*** Extracted records ***

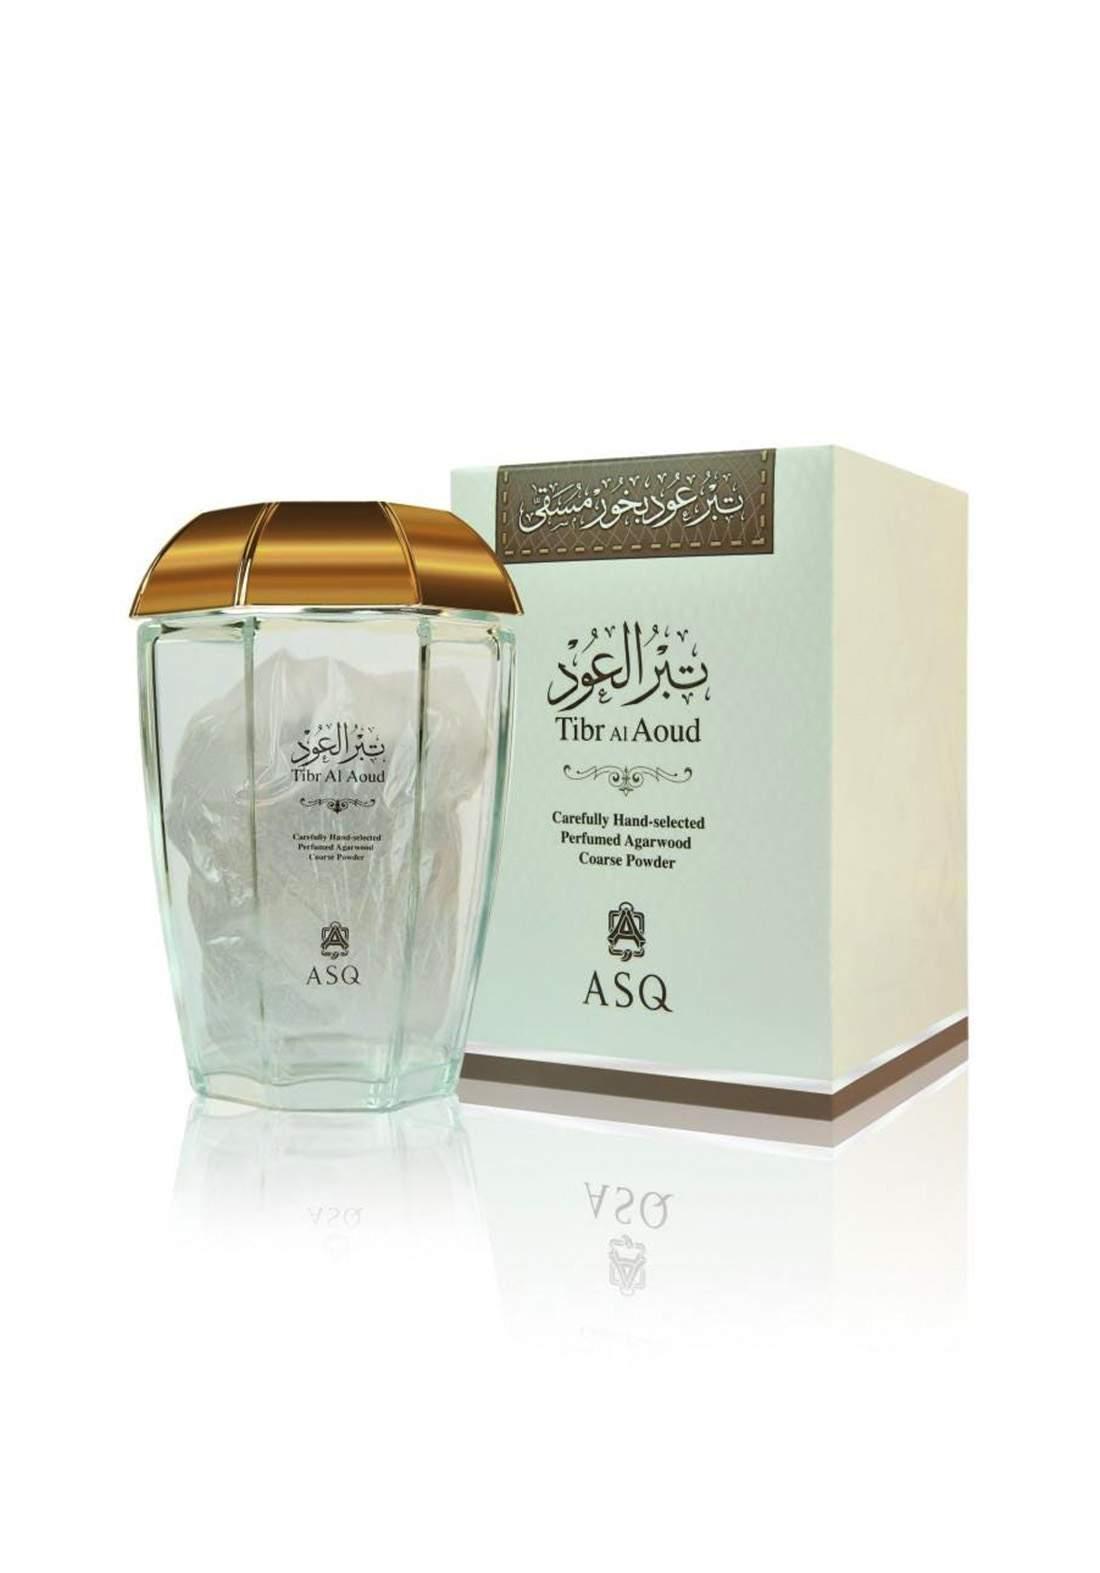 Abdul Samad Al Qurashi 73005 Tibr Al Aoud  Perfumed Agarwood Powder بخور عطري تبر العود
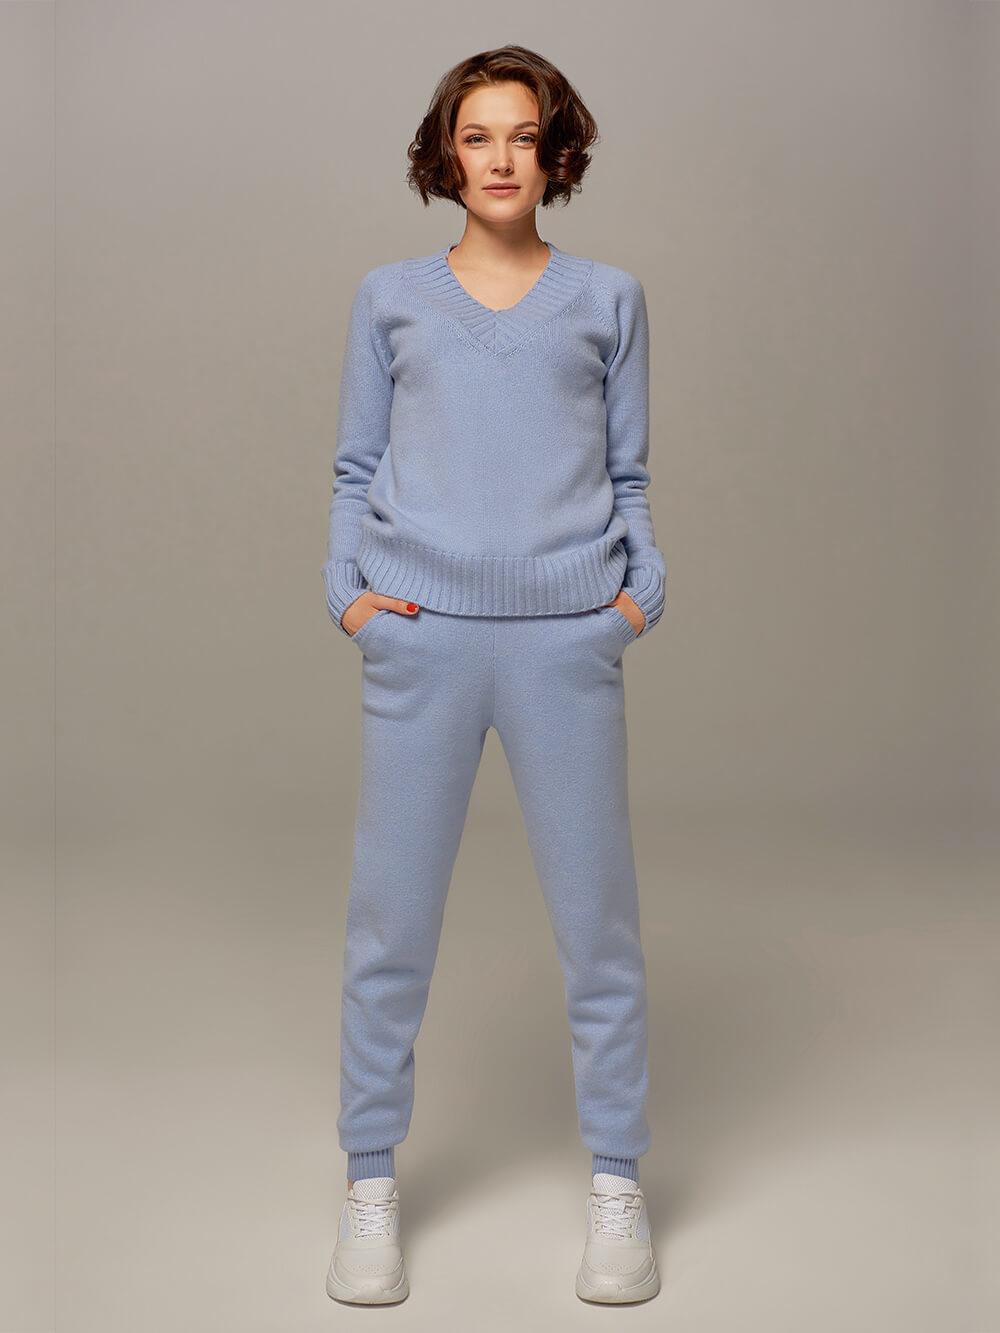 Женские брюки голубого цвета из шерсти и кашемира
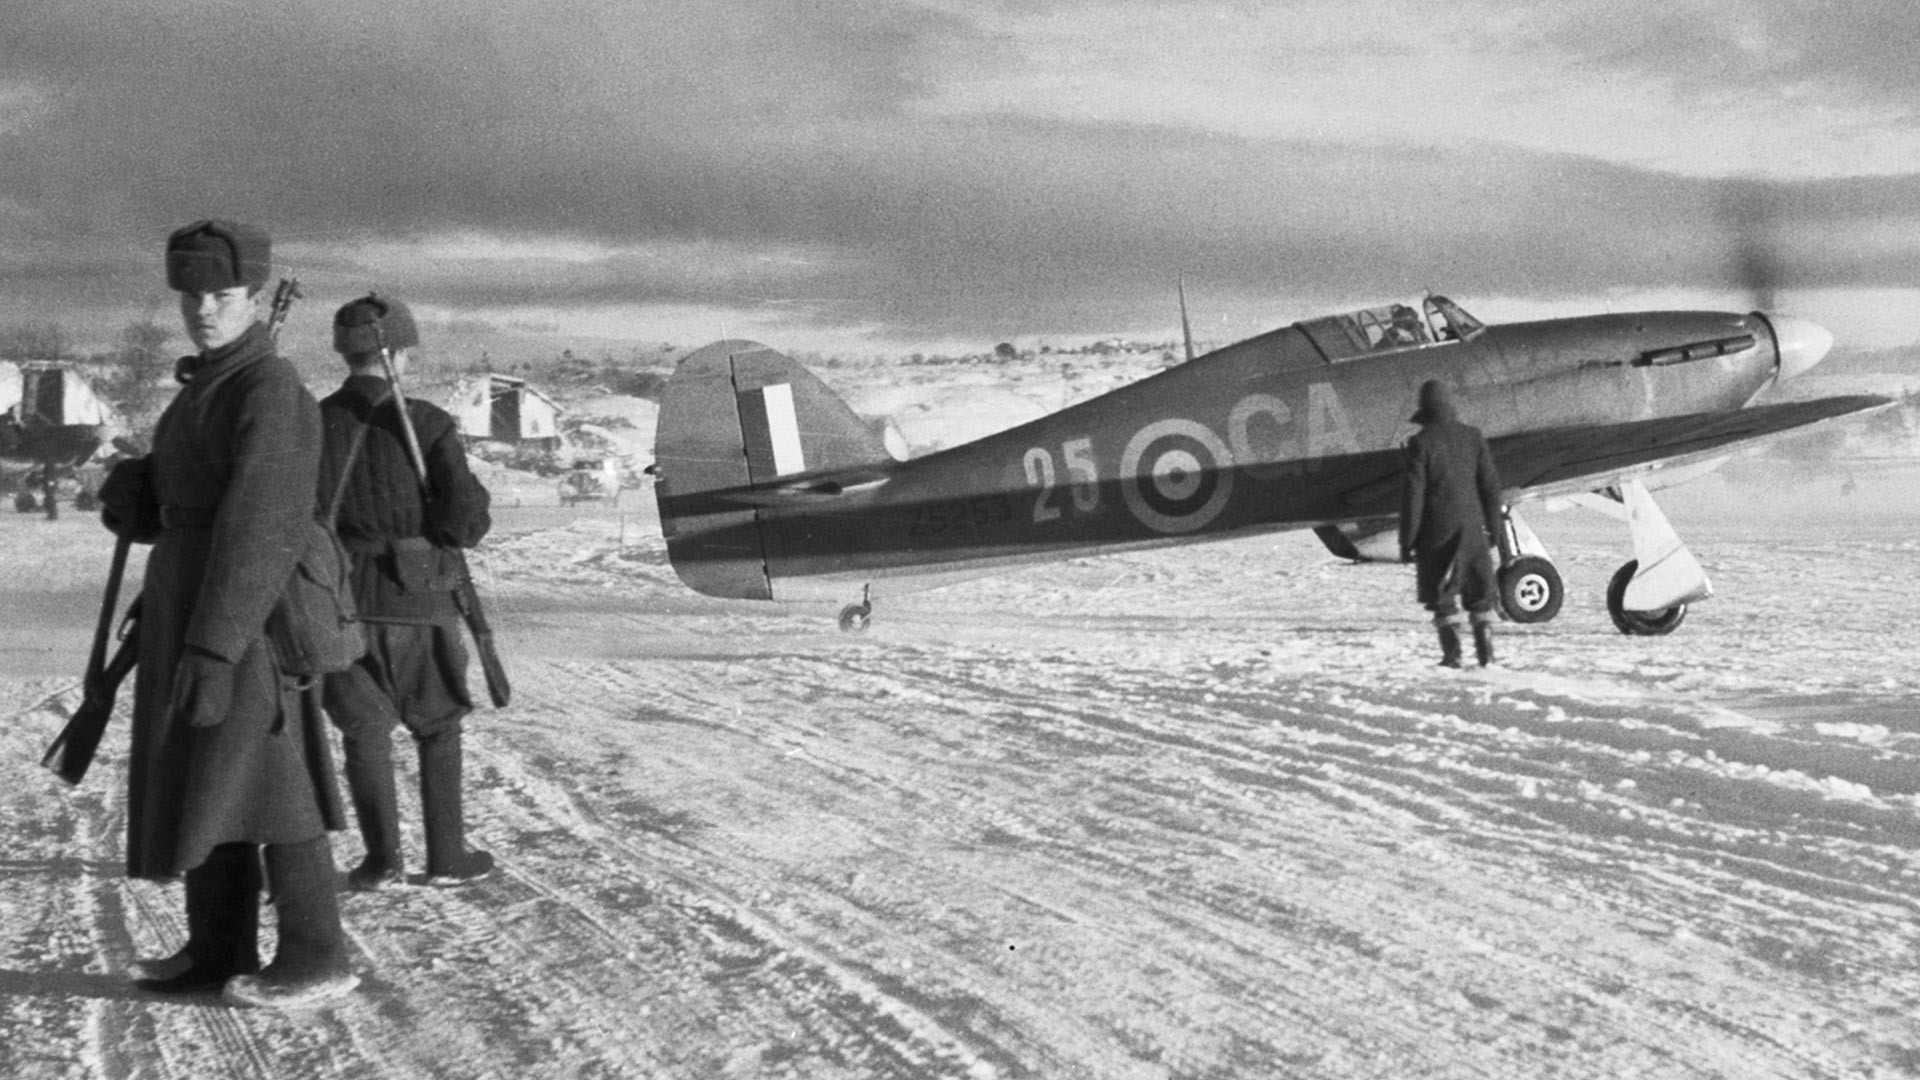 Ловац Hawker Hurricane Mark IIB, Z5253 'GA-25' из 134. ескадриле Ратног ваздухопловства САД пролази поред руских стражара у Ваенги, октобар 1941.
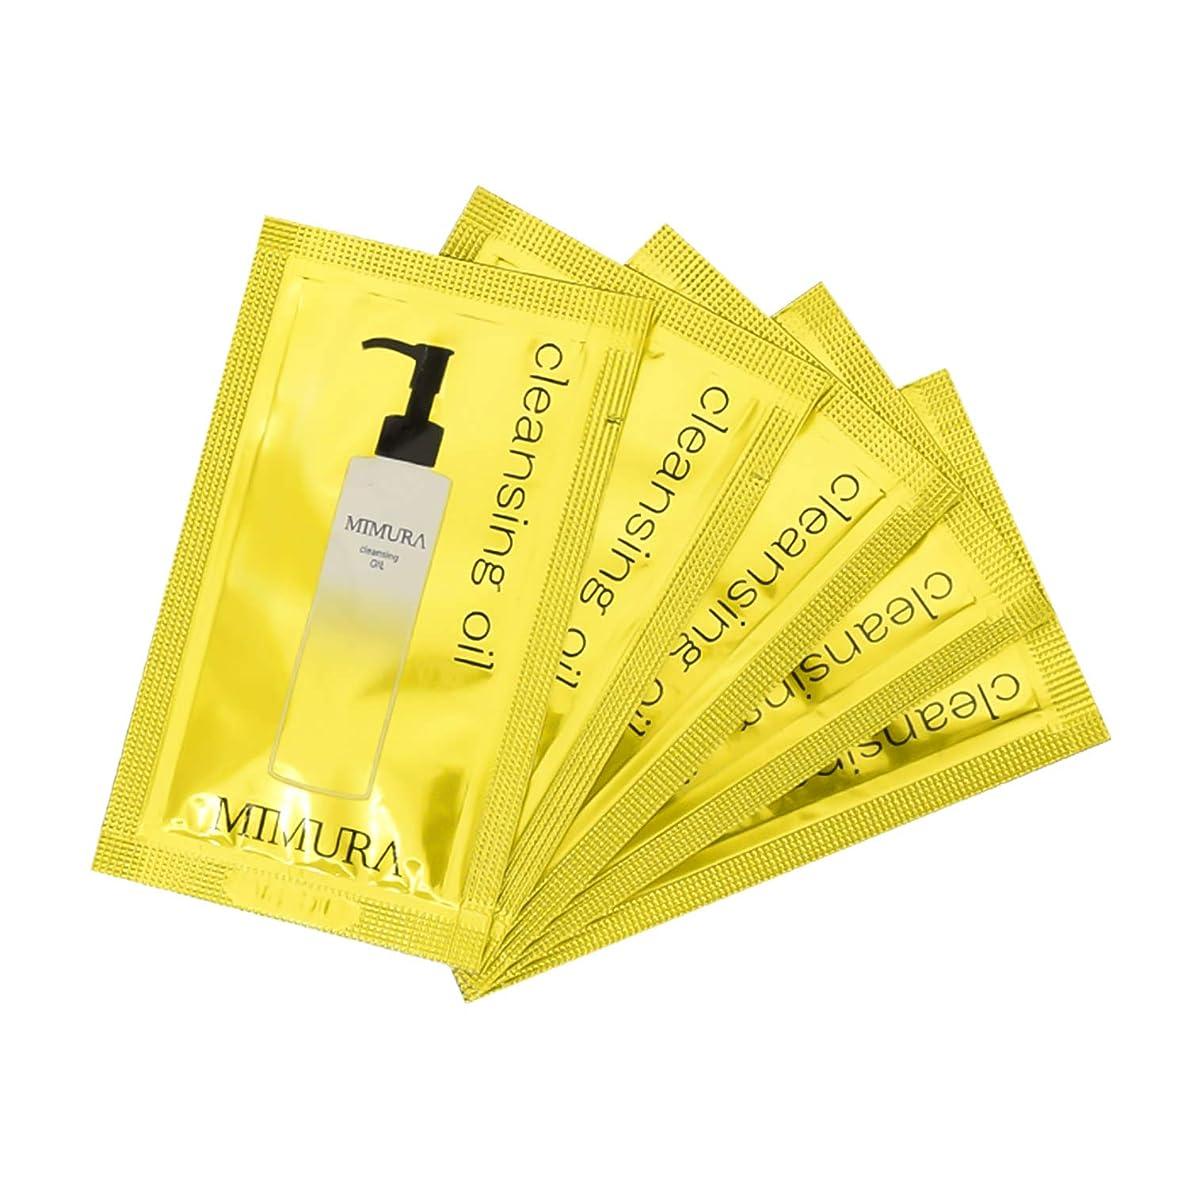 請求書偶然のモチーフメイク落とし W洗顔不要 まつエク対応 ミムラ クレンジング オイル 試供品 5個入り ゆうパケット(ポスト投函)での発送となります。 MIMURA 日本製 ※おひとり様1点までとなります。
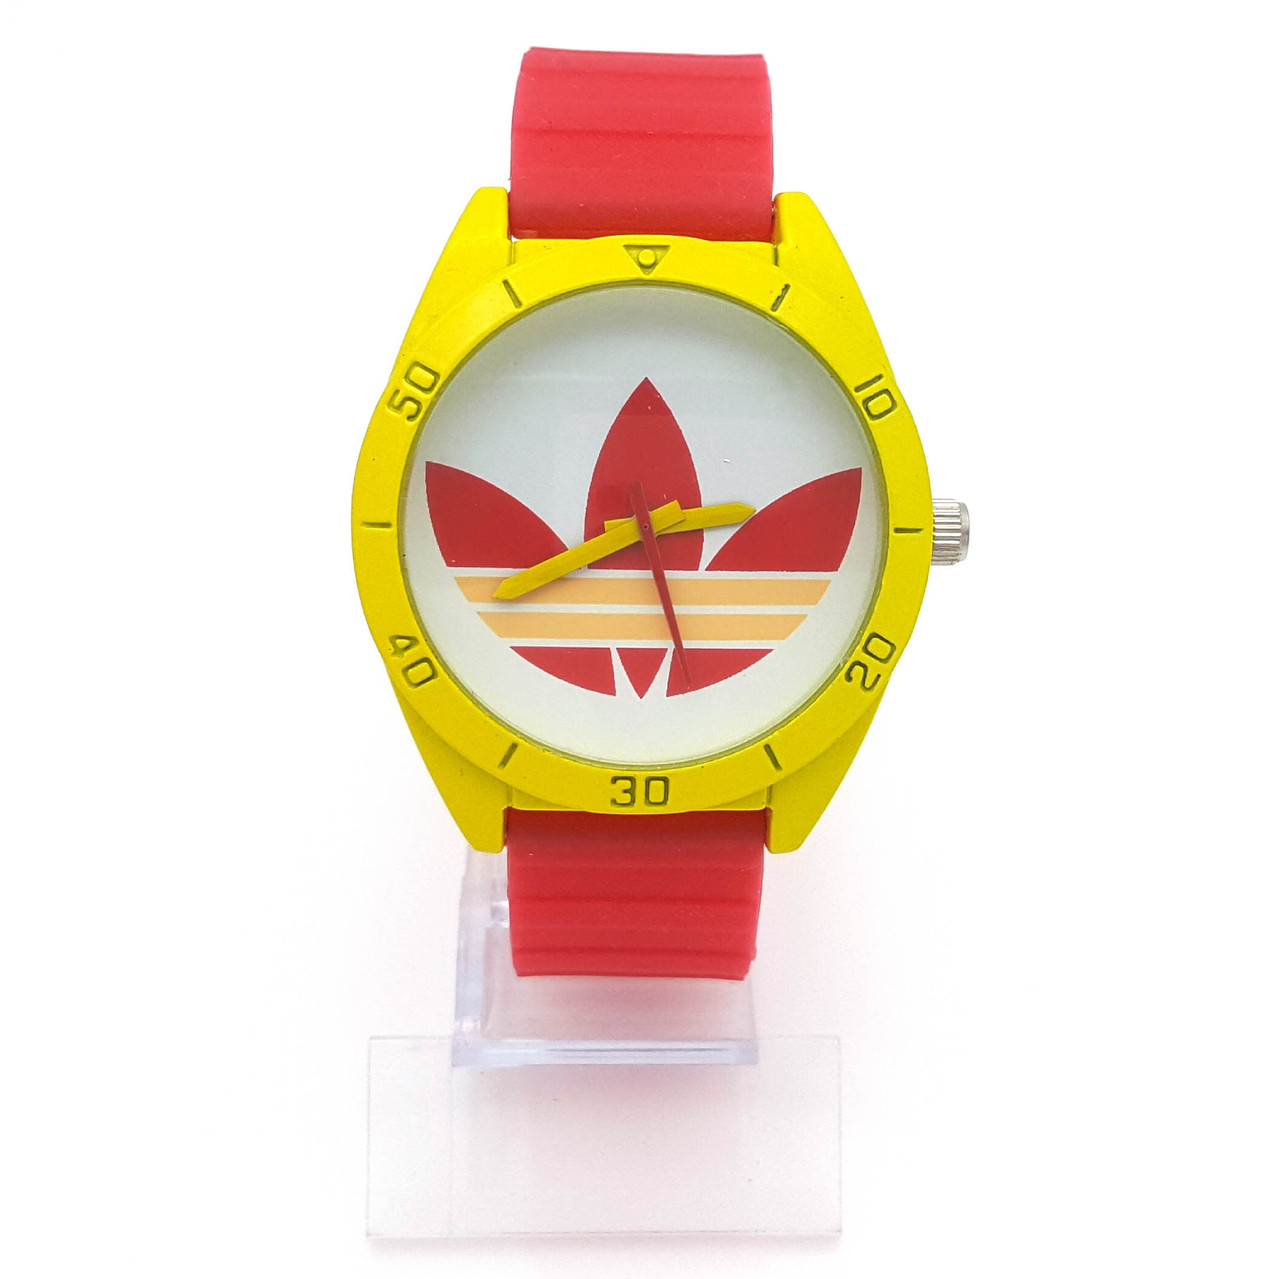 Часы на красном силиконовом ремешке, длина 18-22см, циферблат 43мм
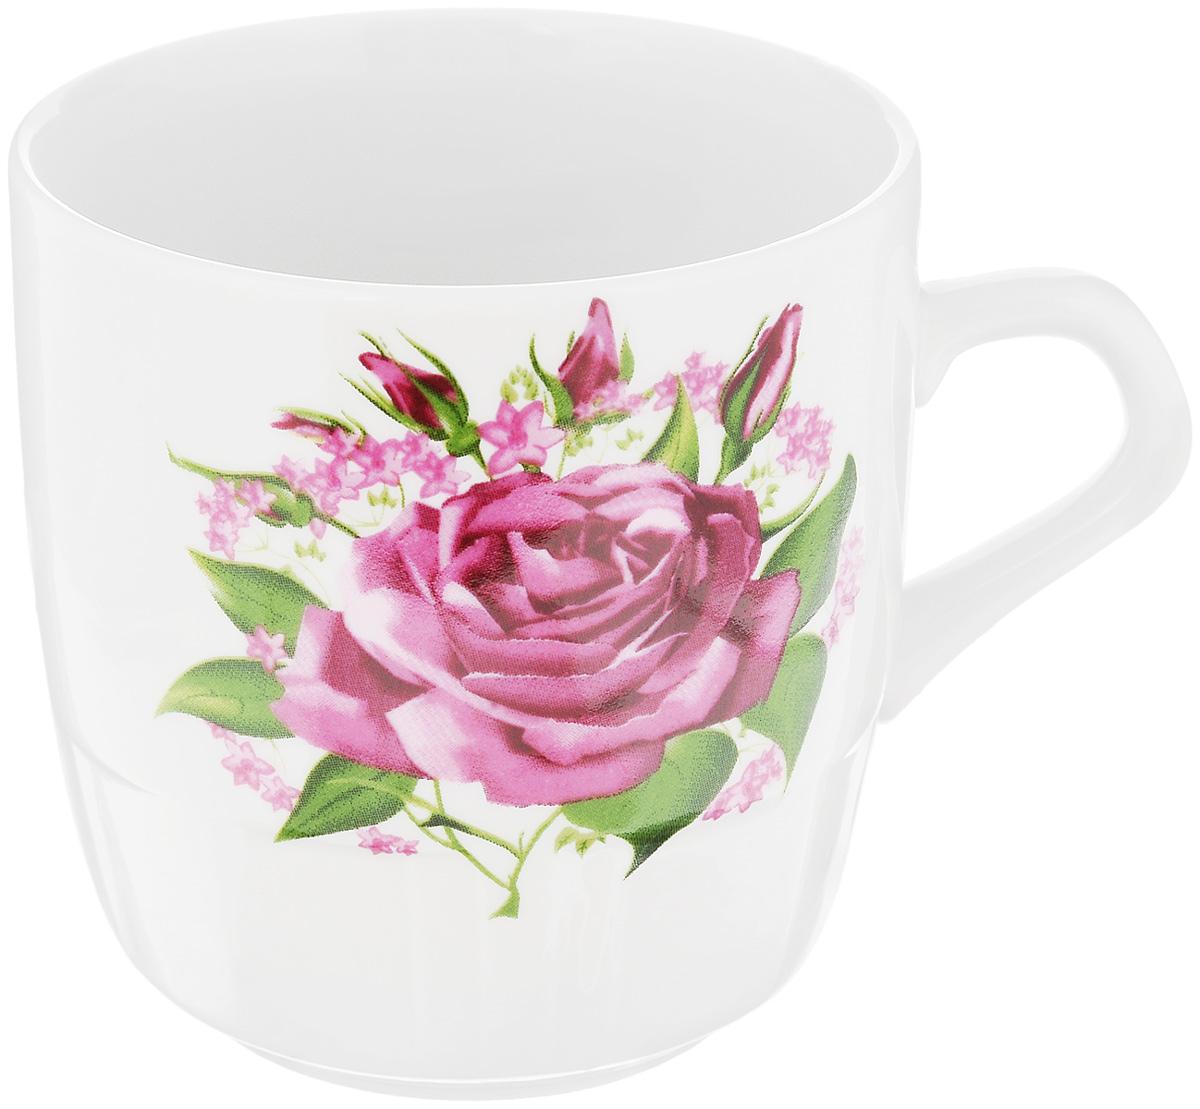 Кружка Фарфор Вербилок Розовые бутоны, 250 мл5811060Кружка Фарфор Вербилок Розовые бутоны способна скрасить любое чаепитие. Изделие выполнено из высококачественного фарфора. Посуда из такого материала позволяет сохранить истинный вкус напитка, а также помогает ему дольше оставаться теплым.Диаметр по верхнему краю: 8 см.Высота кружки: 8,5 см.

*** End of Extracted records ***

Starting with the first line of the data above and ending with the line containing "Часы на красном", please restate every line exactly, leaving images out.

__Completed exercise__
 Abdul Samad Al Qurashi 73005 Tibr Al Aoud  Perfumed Agarwood Powder بخور عطري تبر العود
 Женские брюки голубого цвета из шерсти и кашемира
 Ловац Hawker Hurricane Mark IIB, Z5253 'GA-25' из 134. ескадриле Ратног ваздухопловства САД пролази поред руских стражара у Ваенги, октобар 1941.
 請求書偶然のモチーフメイク落とし W洗顔不要 まつエク対応 ミムラ クレンジング オイル 試供品 5個入り ゆうパケット(ポスト投函)での発送となります。 MIMURA 日本製 ※おひとり様1点までとなります。
 Часы на красном силиконовом ремешке, длина 18-22см, циферблат 43мм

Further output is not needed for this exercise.